2. It handles the initial context: After reading the text "Hello there!", it returns "Hello" for an empty context, and "there!" for the context "Hello". This is what happens at the beginning of the text. (We’ve also given you this test commented out.) To get this one working, you will need to complete quite a few of the TODOs. You’ll need to trace through how the code works to find them all.

3. It handles multi-word context: After reading the text "one two three", it returns "three" for the context "one two". (You’ll need to write the remainder of these tests yourself.)

4. It shifts words out of context: After reading the text "one two three four",

   • it returns "four" for the context "two three", but
   • returns null for the context "one two three".

5. It respects the context size setting: If you create a new MarkVShaney object with a context size of 3 passed to the constructor, then after reading the text "one two three four",

   • it returns "four" for the context "one two three", but
   • returns null for the context "two three".

6. It handles multiple choices: This is a tricky one to test, because you are testing random behavior.
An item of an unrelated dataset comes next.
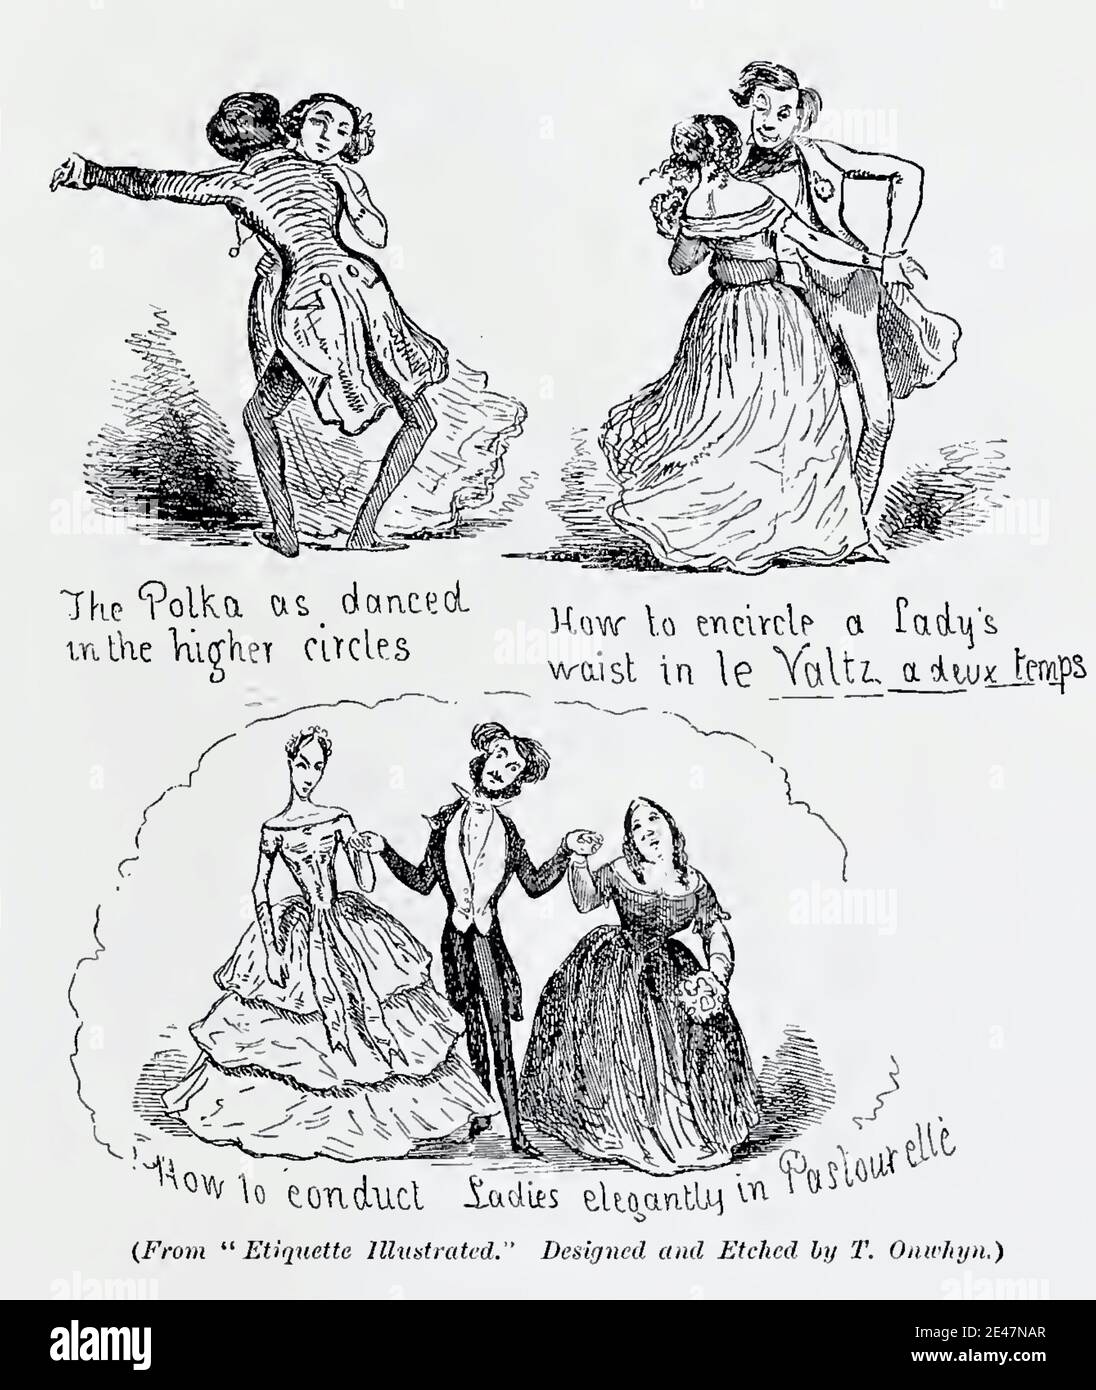 Illustration satirique antique vintage intitulée étiquette illustrée par Thomas Onwhyn de 1896. Un guide de gentleman pour l'étiquette sur la piste de danse. Banque D'Images

After reading the example text above, "Jack be nimble, Jack be quick", if you call chooseNextWord over and over for the context "Jack be", you should eventually see both "nimble" and "quick" (and nothing else).

   Stuck? Looking for alternatives? Here's an elegant way to do it with streams:

   Expand for hint

   @Test
   void handlesMultipleChoices() {
       mvs.readText("Jack be nimble, Jack be quick");
       Set<String> results = Stream
           .generate(() -> mvs.chooseNextWord(   // Repeatedly make a random choice...
               List.of("Jack", "be")))           // ...for the next word after these two...
           .limit(100)                           // ...100 times...
           .collect(Collectors.toSet());         // ...and collect the unique results
       assertEquals(Set.of("nimble,", "quick"), results);
   }

7. It generates text: It is not feasible to fully test the random behavior of the text generation. However, you can test that given input text which always produces only one choice for a given context, it will always generate the input string. In other words, after reading the text "Coding up a storm!", if you call generateText and collect the results to a list, you should get List.of("Coding", "up", "a", "storm!").
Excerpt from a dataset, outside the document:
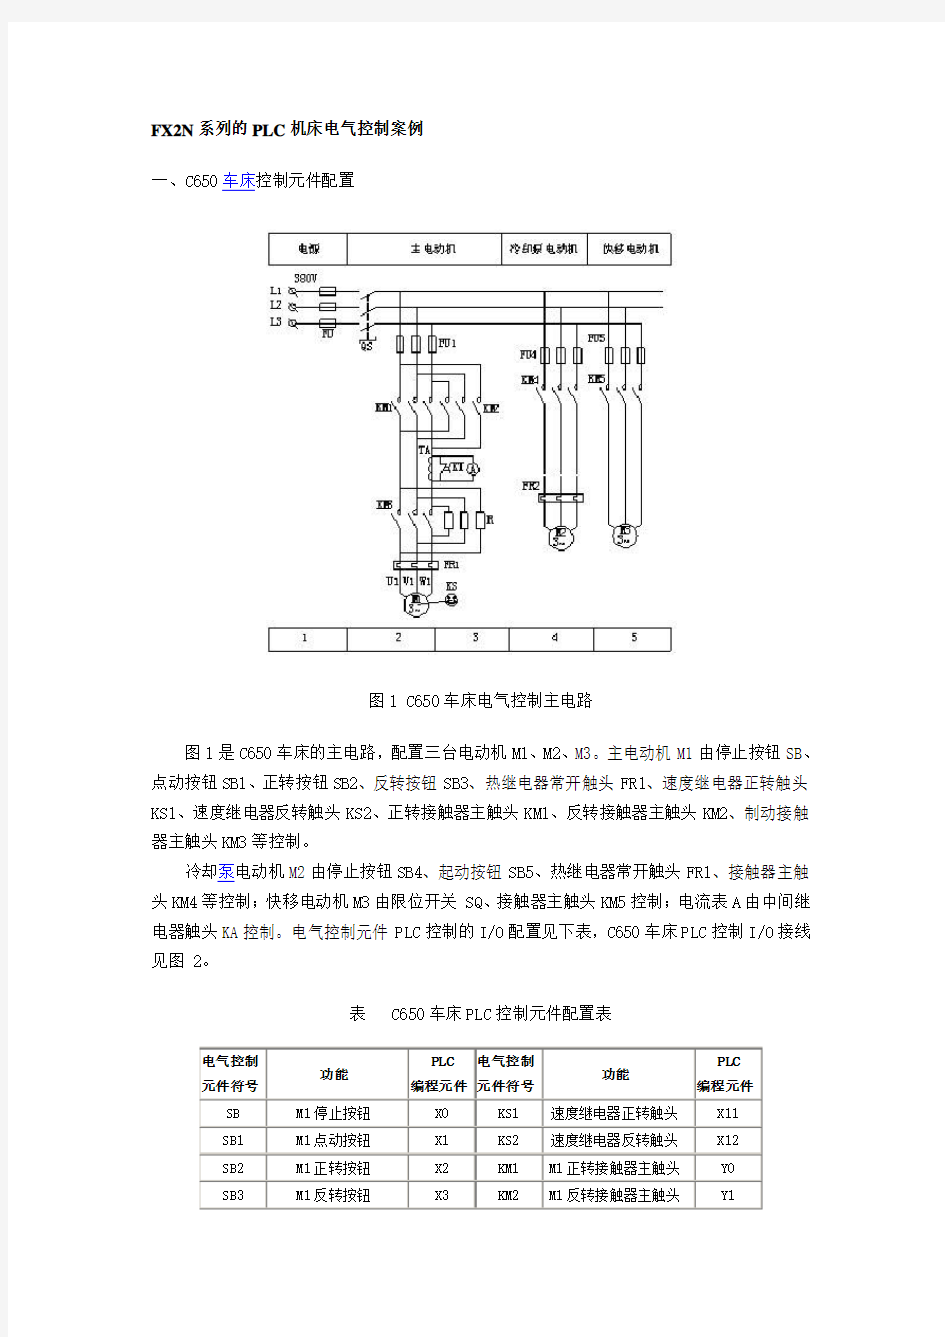 FX2N系列的PLC机床电气控制案例-C650

By the time you are done with these tests, you should have no more TODOs left in the source code!

All passing? Try running the MarkVShaney class. Its main method reads the text of several classic books and scrambles them together!

The AnimatedTextApp class (in the mvs.animation package) will use your MarkVShaney implementation to create a fancy-fun text generation visualization. Run it and enjoy! Hold down a key to create a text avalanche.